# hi from cheshire



## red_ade (May 5, 2009)

Hi guys, just thought I would say hello.

I am now the proud owner of a sprint Blue TTS Roadster. Afrer a few days I think its great, very quick and has a fantastic boot!

Just need teh hot summer they keep talking about!

ade


----------



## Jamo8 (Apr 23, 2009)

red_ade said:


> Hi guys, just thought I would say hello.
> 
> I am now the proud owner of a sprint Blue TTS Roadster.
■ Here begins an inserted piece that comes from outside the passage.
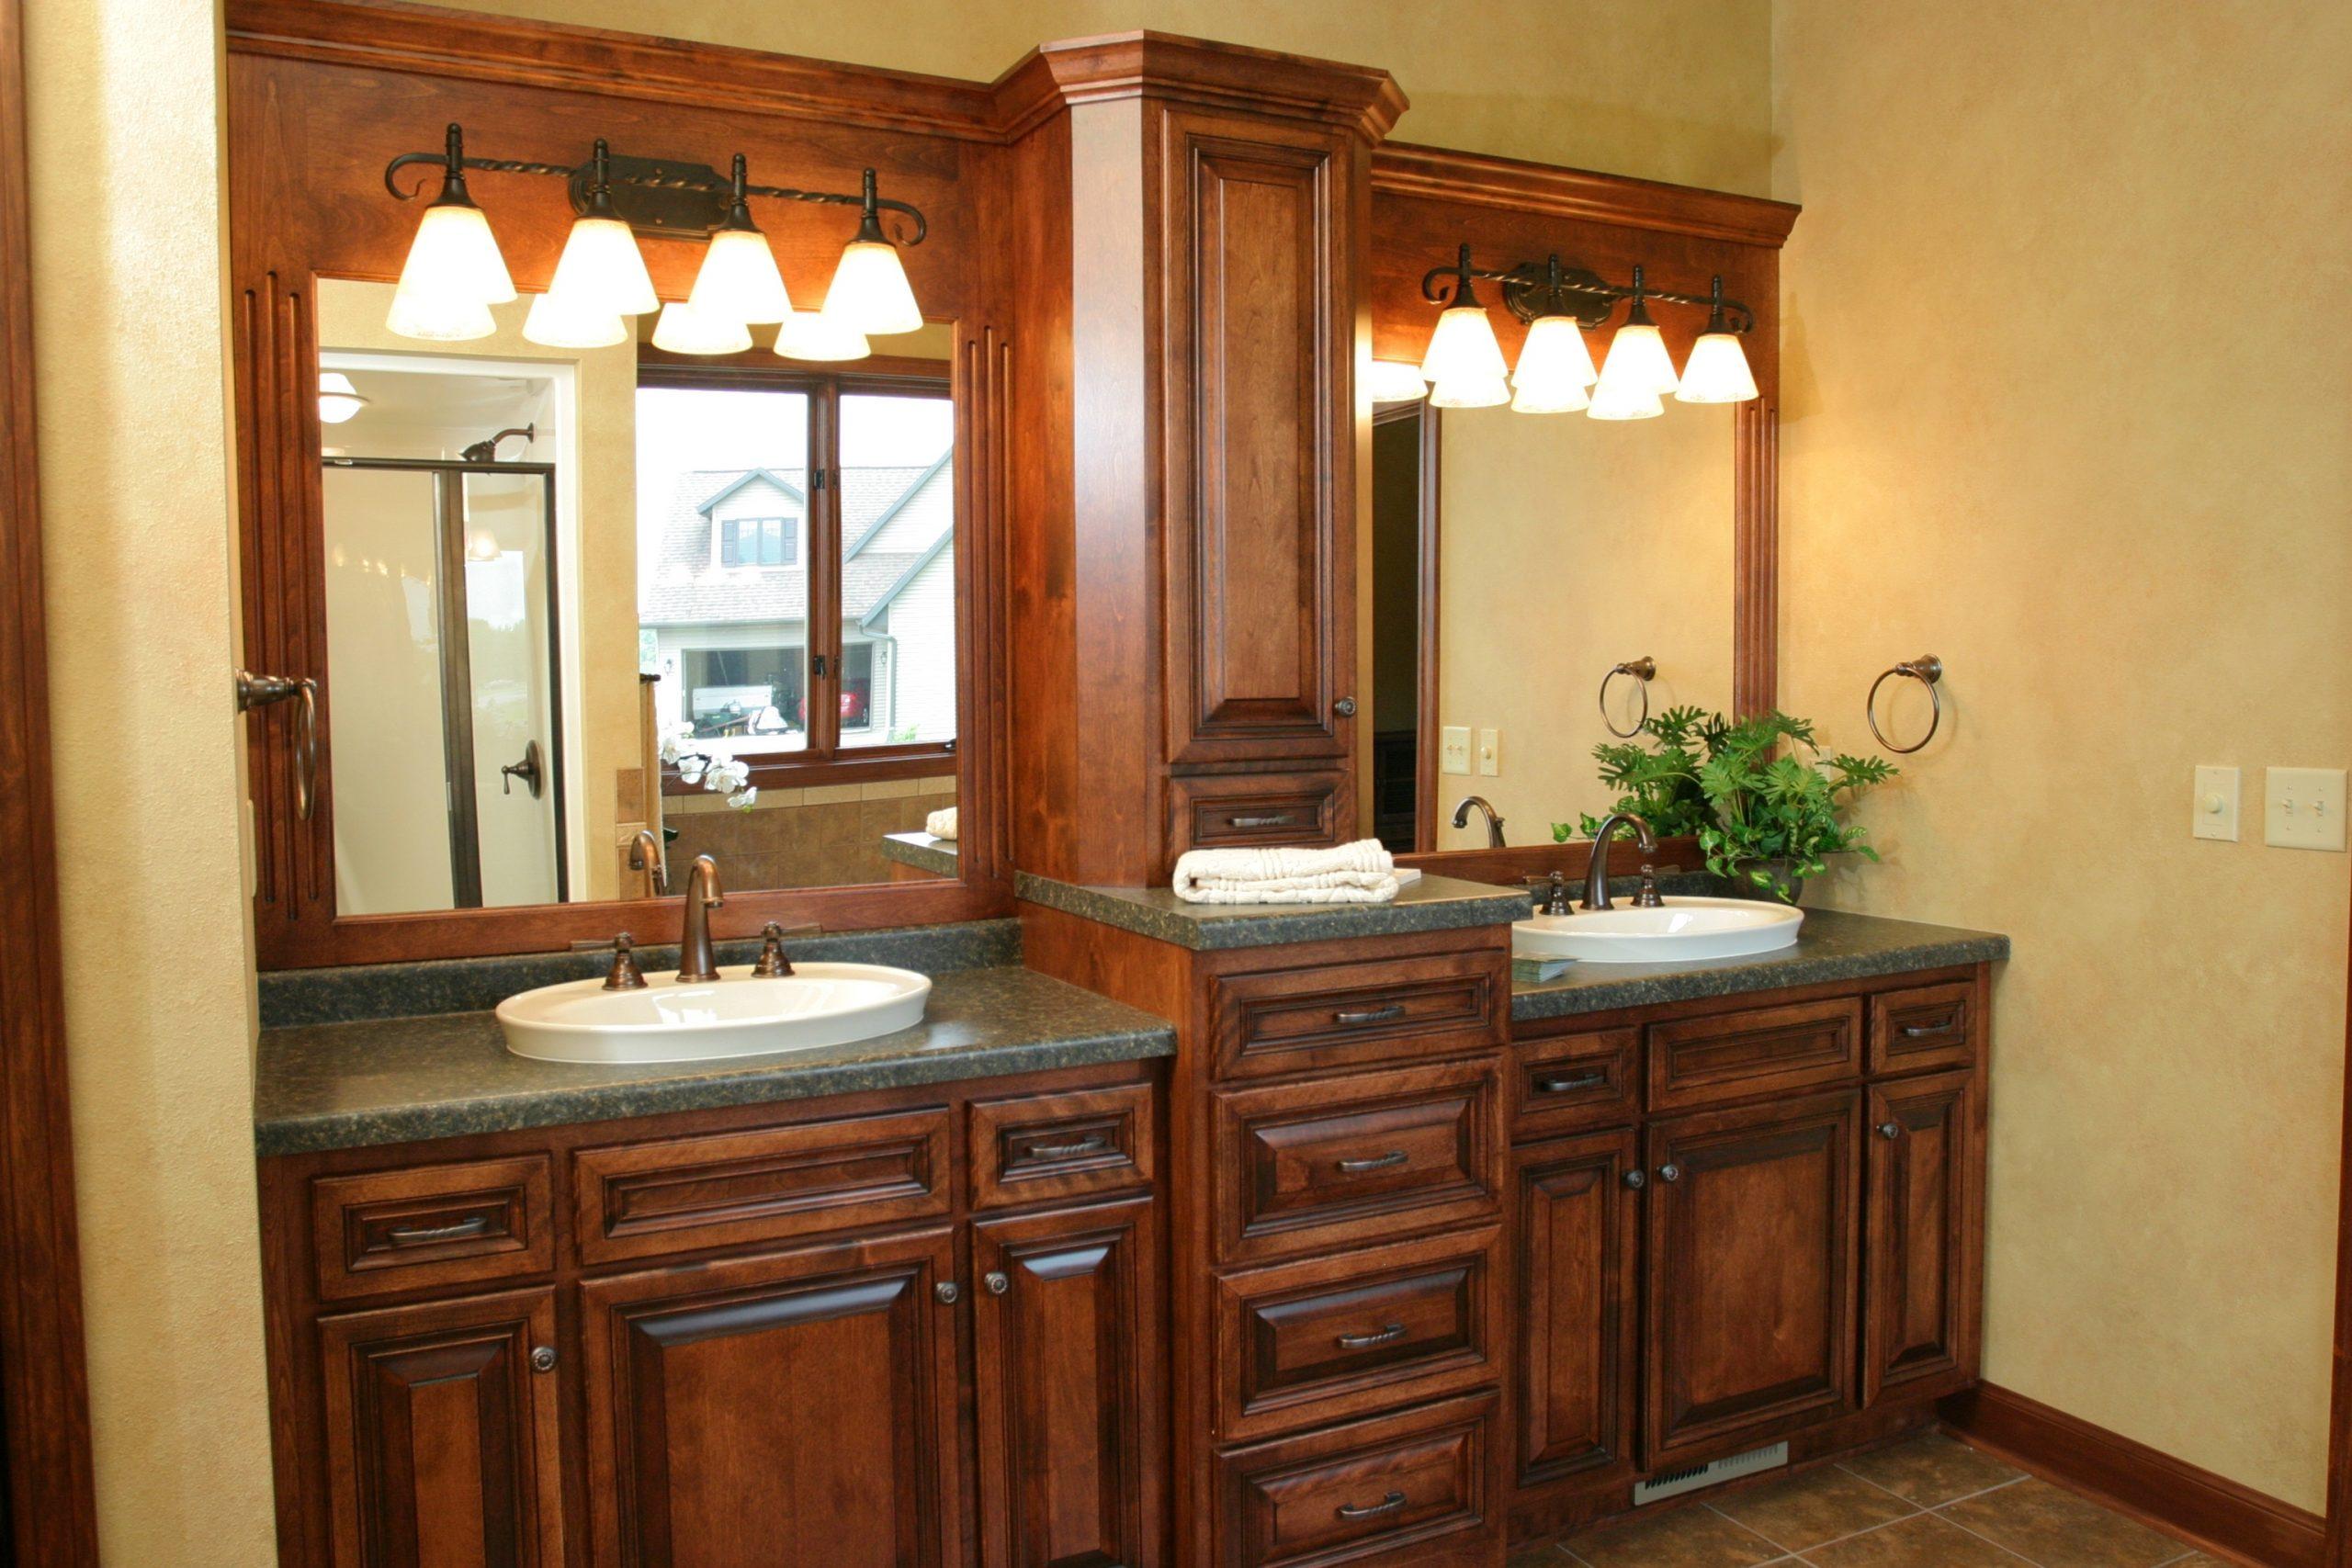 Kitchen Bathroom Cabinets Near Me - Kitchen and Bath

Afrer a few days I think its great, very quick and has a fantastic boot!
> 
> ...


Welcome "red-ade" had my TT Roadster for 2 years now not as quick as your TTS but still great to drive here's hoping for a long hot summer


----------



## YELLOW_TT (Feb 25, 2004)

Welcome now add to the fun join the TTOC www.ttoc.co.uk


----------



## malstt (Apr 18, 2007)

Welcome to the forum. 8)


----------



## jammyd (Oct 11, 2008)

Welcome to the forum...

Nice to have another Cheshire person 

Look in the events section, there is a nice meal and a chance to say hello next week if you are free.


----------



## Wallsendmag (Feb 12, 2004)

Welcome to the forum, have a look at www.ttoc.co.uk


----------



## fryersTT225 (Jul 5, 2009)

Hi,

where are you as i live in middlewich.

What meets are coming up locally?


----------